The number $\gamma$ is the overall mean and $\mu_i$ is the effect in group $i$. Group $0$ is considered to be a control group, and we are interested in the $m$ hypotheses $$ H_{0i} = \{\mu_0 = \mu_i\} \quad \textit{vs} \quad H_{1i} = \{\mu_0 > \mu_i\}. $$ Let $H_0 = \bigcap_{i=1}^m H_{0i} = \{\mu_0=\mu_1=\cdots \mu_m\}$.

Consider the $m$ mean differences $$ \bar{y_i} - \bar{y_0} = (\mu_i - \mu_0) + \sigma(\bar{\epsilon_i}-\bar{\epsilon_0}) $$ for $i = 1, \ldots, m$.

Hereafter we assume the null hypothesis $H_0$ is fulfilled, therefore $\bar{y_i} - \bar{y_0} = \sigma(\bar{\epsilon_i}-\bar{\epsilon_0})$.

We will derive the covariances between the standardized mean differences. Let's start by deriving the covariances between the $\bar{\epsilon_i}-\bar{\epsilon_0}$.

The $\bar{\epsilon_i}$ for $i = 0, 1, \ldots, m$ are independent and $\bar{\epsilon_i} \sim \mathcal{N}\left(0, \frac{1}{n_i}\right)$. Consequently, for $i = 1, \ldots, m$,
$$ \bar{\epsilon_i}-\bar{\epsilon_0} \sim \mathcal{N}\left(0, \frac{1}{n_i} + \frac{1}{n_0}\right) $$ Now, let's derive the covariance between the $\bar{\epsilon_i}-\bar{\epsilon_0}$. One has $$ \begin{align*} \textrm{Cov}(\bar{\epsilon_i}-\bar{\epsilon_0}, \bar{\epsilon_j}-\bar{\epsilon_0}) & = E\bigl((\bar{\epsilon_i}-\bar{\epsilon_0})(\bar{\epsilon_j}-\bar{\epsilon_0})\bigr) \\ & = E(\bar{\epsilon_i}\bar{\epsilon_j}) + E(\bar{\epsilon_0}\bar{\epsilon_0}) - E(\bar{\epsilon_i}\bar{\epsilon_0}) - E(\bar{\epsilon_j}\bar{\epsilon_0}). \end{align*} $$ For $i\neq j$, each term is equal to $0$ except the second one: $$ E(\bar{\epsilon_0}\bar{\epsilon_0}) = \frac{1}{n_0} $$ Thus $$ \textrm{Cov}(\bar{\epsilon_i}-\bar{\epsilon_0}, \bar{\epsilon_j}-\bar{\epsilon_0}) = \frac{1}{n_0} $$ for every $i,j \in \{1, \ldots, m\}$, when $i \neq j$.

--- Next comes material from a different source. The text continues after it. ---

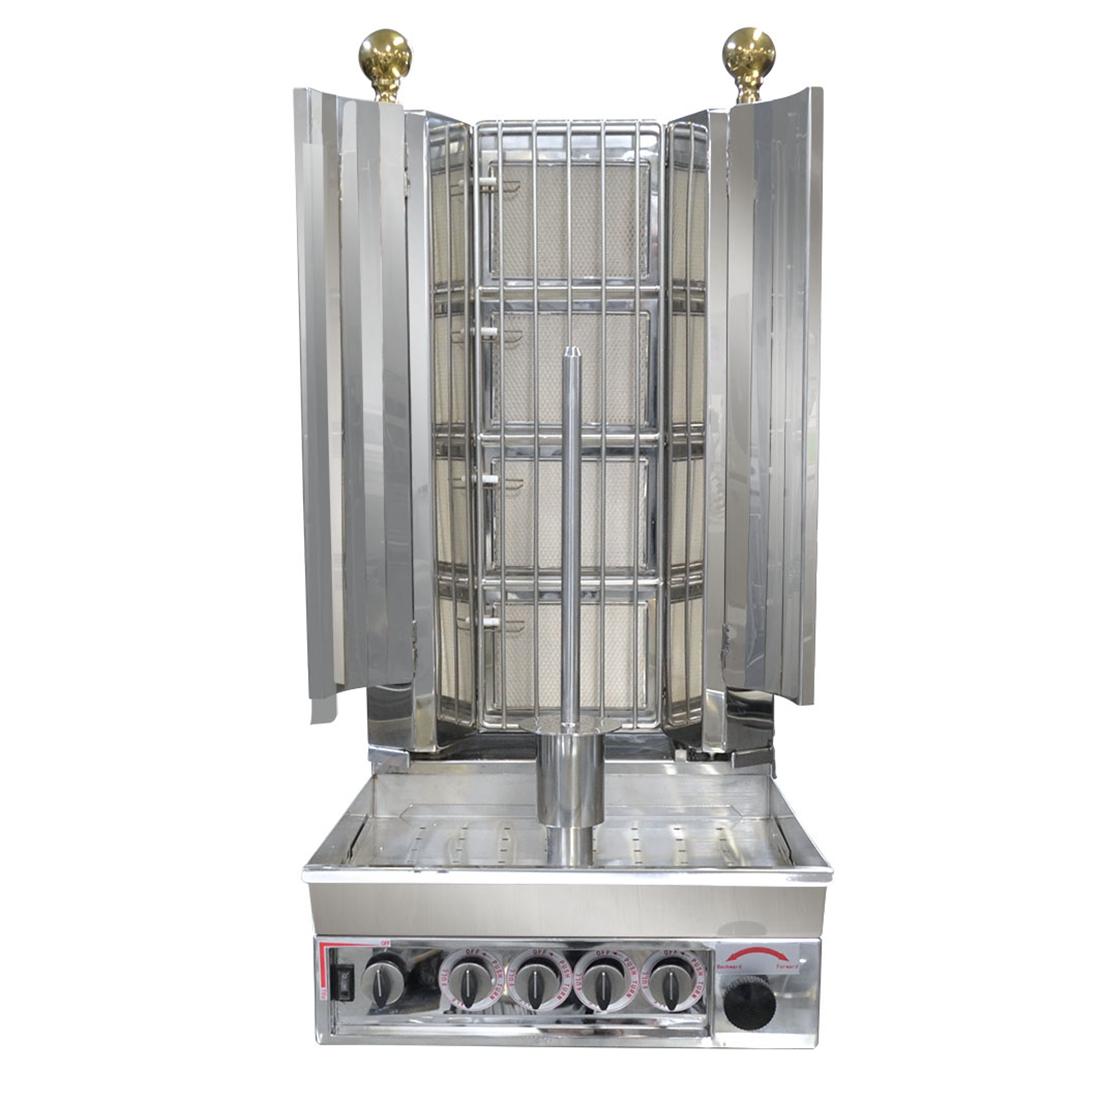 KMB4E Semi-automatic Kebab with Natural Gas 4 Burner

Now, let's introduce the standardized mean differences $$ \delta_i = \frac{\bar{y_i} - \bar{y_0}}{\sigma\sqrt{\frac{1}{n_i} + \frac{1}{n_0}}} \sim \mathcal{N}(0,1). $$ for $i = 1, \ldots, m$. For $i \neq j$, the covariances are $$ \begin{align*} \textrm{Cov}(\delta_i, \delta_j) & = \frac{1}{n_0}\frac{1}{\sqrt{\frac{1}{n_i} + \frac{1}{n_0}}} \frac{1}{\sqrt{\frac{1}{n_j} + \frac{1}{n_0}}} \\ & = \frac{1}{n_0}\sqrt{\frac{n_0n_i}{n_i+n_0}} \sqrt{\frac{n_0n_j}{n_j+n_0}} \\ & = \sqrt{\frac{n_i}{n_i+n_0}}\sqrt{\frac{n_j}{n_j+n_0}}. \end{align*} $$

Now let's introduce the statistics $$ t_i = \frac{\bar{y_i} - \bar{y_0}}{\hat\sigma\sqrt{\frac{1}{n_i} + \frac{1}{n_0}}} = \frac{1}{u}\frac{\bar{y_i} - \bar{y_0}}{\sigma\sqrt{\frac{1}{n_i} + \frac{1}{n_0}}} $$ where $$ \hat\sigma^2 = \frac{\sum_{i=0}^m\sum_{j=1}^{n_i}{(y_{ij}-\bar{y}_i)^2}}{\nu} $$ with $\nu = \sum_{i=0}^m n_i - (m+1)$, and where we have set $u = \frac{\hat\sigma}{\sigma}$.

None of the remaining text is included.